A supported Ni-based catalytic system was designed for the amination and hydrogenation reactions involved in the synthesis route. Systematic screening of active metals and catalyst supports was conducted to improve catalytic activity, selectivity, and stability. Commercial Al2O3 exhibited favorable surface properties and strong metal dispersion ability and therefore served as an effective catalyst support. Catalyst deactivation behavior was investigated through XRD, XPS, TEM, and thermogravimetric analysis. The results demonstrate that catalyst deactivation primarily originates from metal oxidation, carbon deposition, and particle sintering during the reaction process. Catalyst modification strategies were subsequently developed in order to enhance stability. Introduction of Cu effectively suppressed metal sintering, while incorporation of CeO2 reduced carbon deposition and allowed a lower Ni loading without sacrificing catalytic performance.
The optimized catalytic system achieved complete conversion of acrylonitrile and produced the intermediate N,N-dimethylaminopropionitrile with a yield of 99.7 percent. Subsequent hydrogenation afforded N,N-dimethyl-1,3-propanediamine with yields exceeding 90 percent under optimized reaction conditions. The developed catalytic process was successfully scaled from laboratory reactors to a 20 L pilot reactor. Comprehensive safety evaluation including risk assessment and HAZOP analysis confirmed the operational safety and technical feasibility of the process.

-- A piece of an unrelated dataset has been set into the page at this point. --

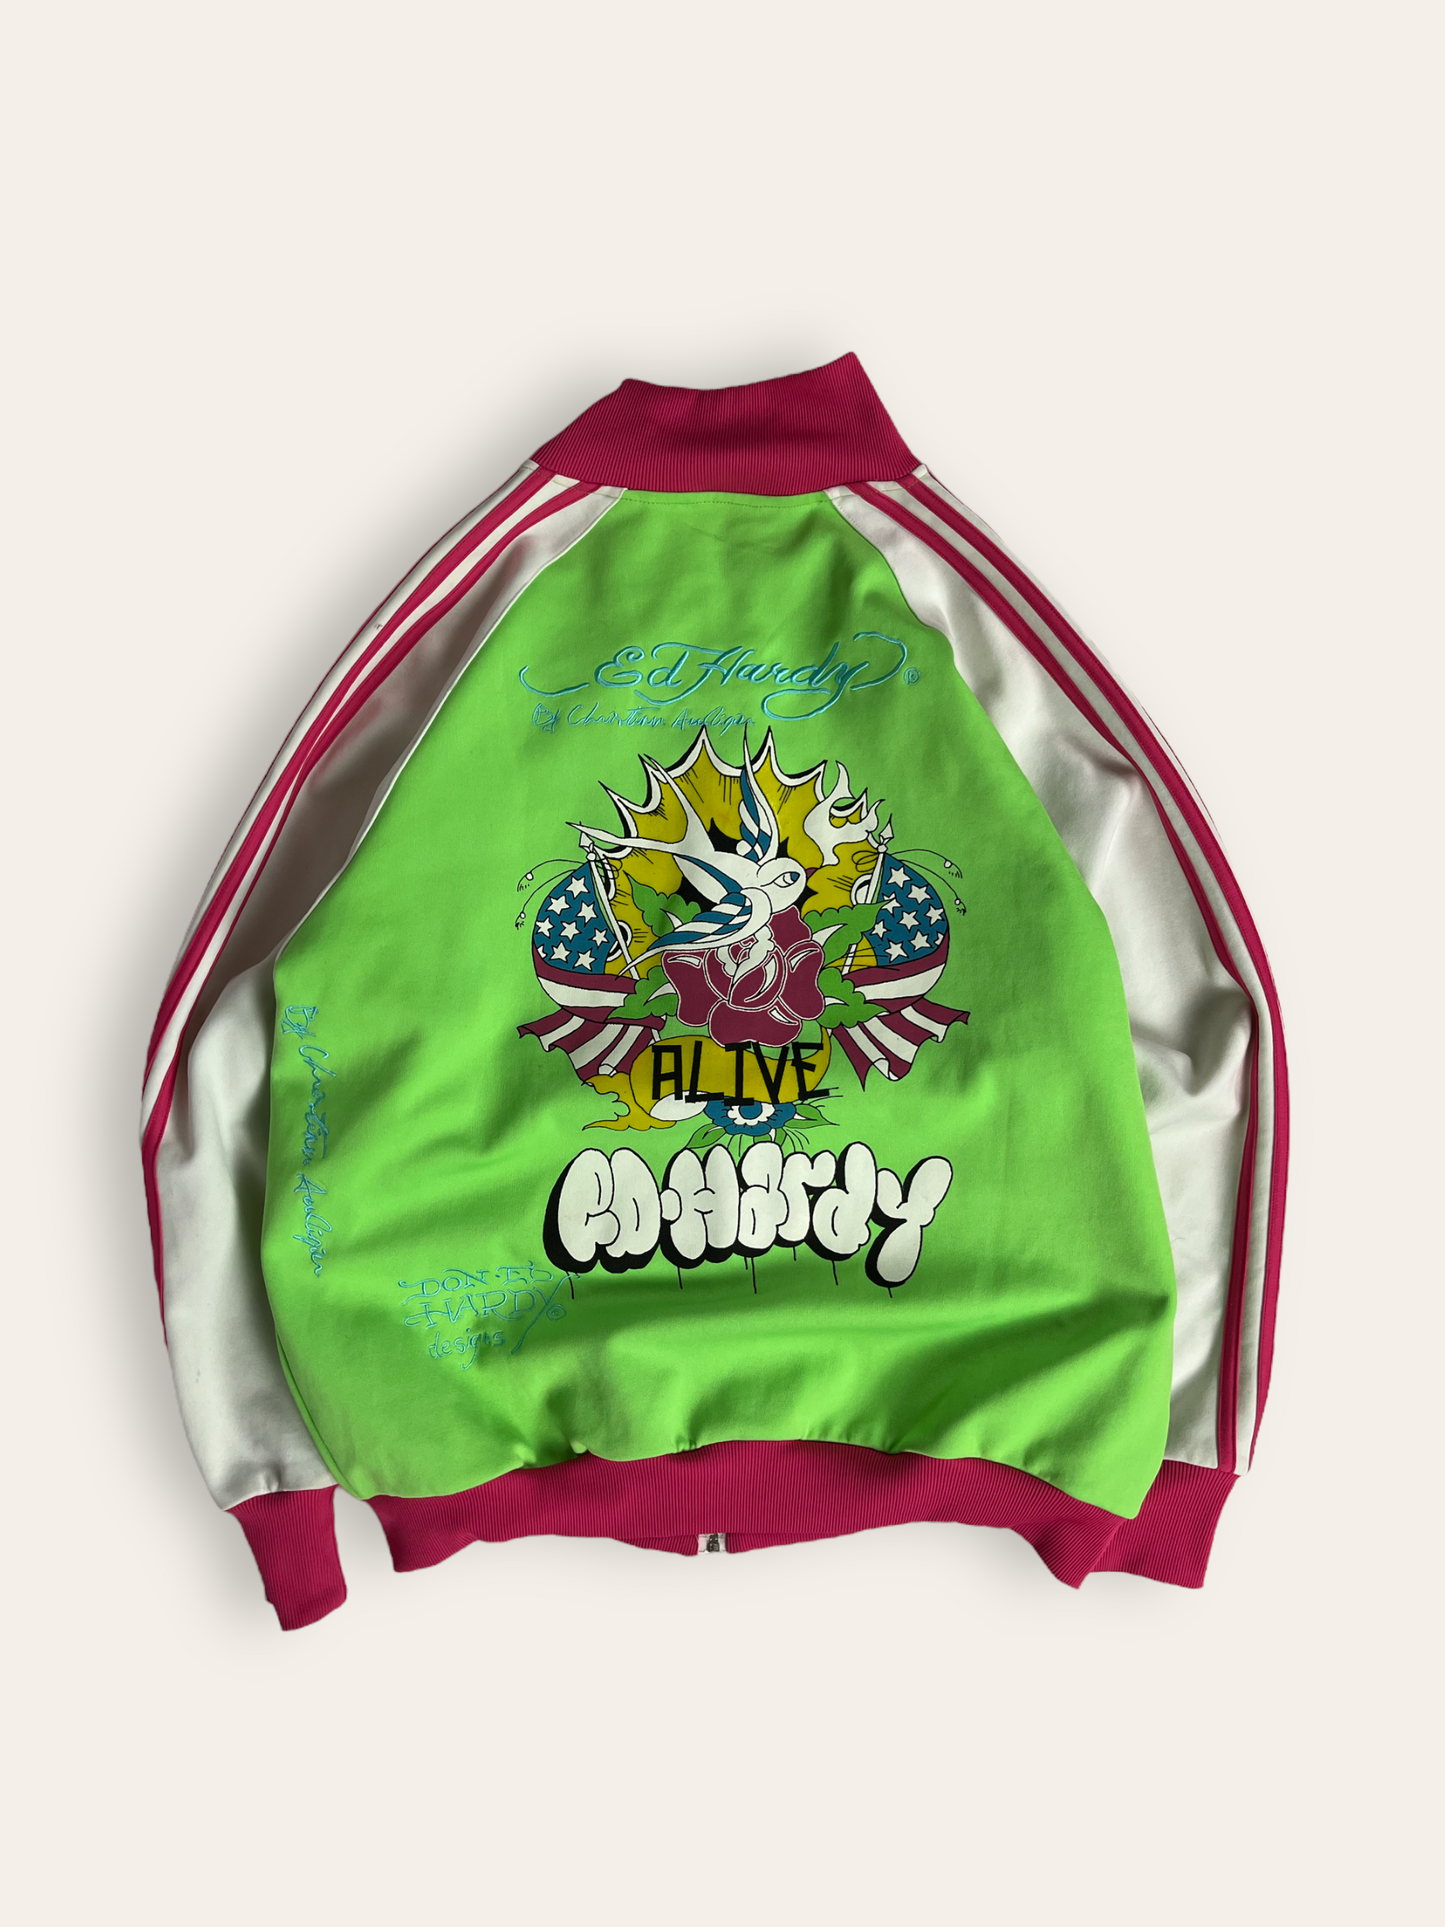 (XL) ‘00d Ed Hardy Grafitti Track Jacket

This work further explores catalytic synthesis routes for additional acrylonitrile-derived specialty amines including propionitrile and N,N-bis (3-aminopropyl) methylamine. The results demonstrate that catalytic amination and hydrogenation strategies provide an efficient pathway for the scalable synthesis of high-value specialty amines from acrylonitrile. The study therefore offers a practical catalytic and process development framework for upgrading acrylonitrile downstream products and supports the industrial production of high-value functional amines.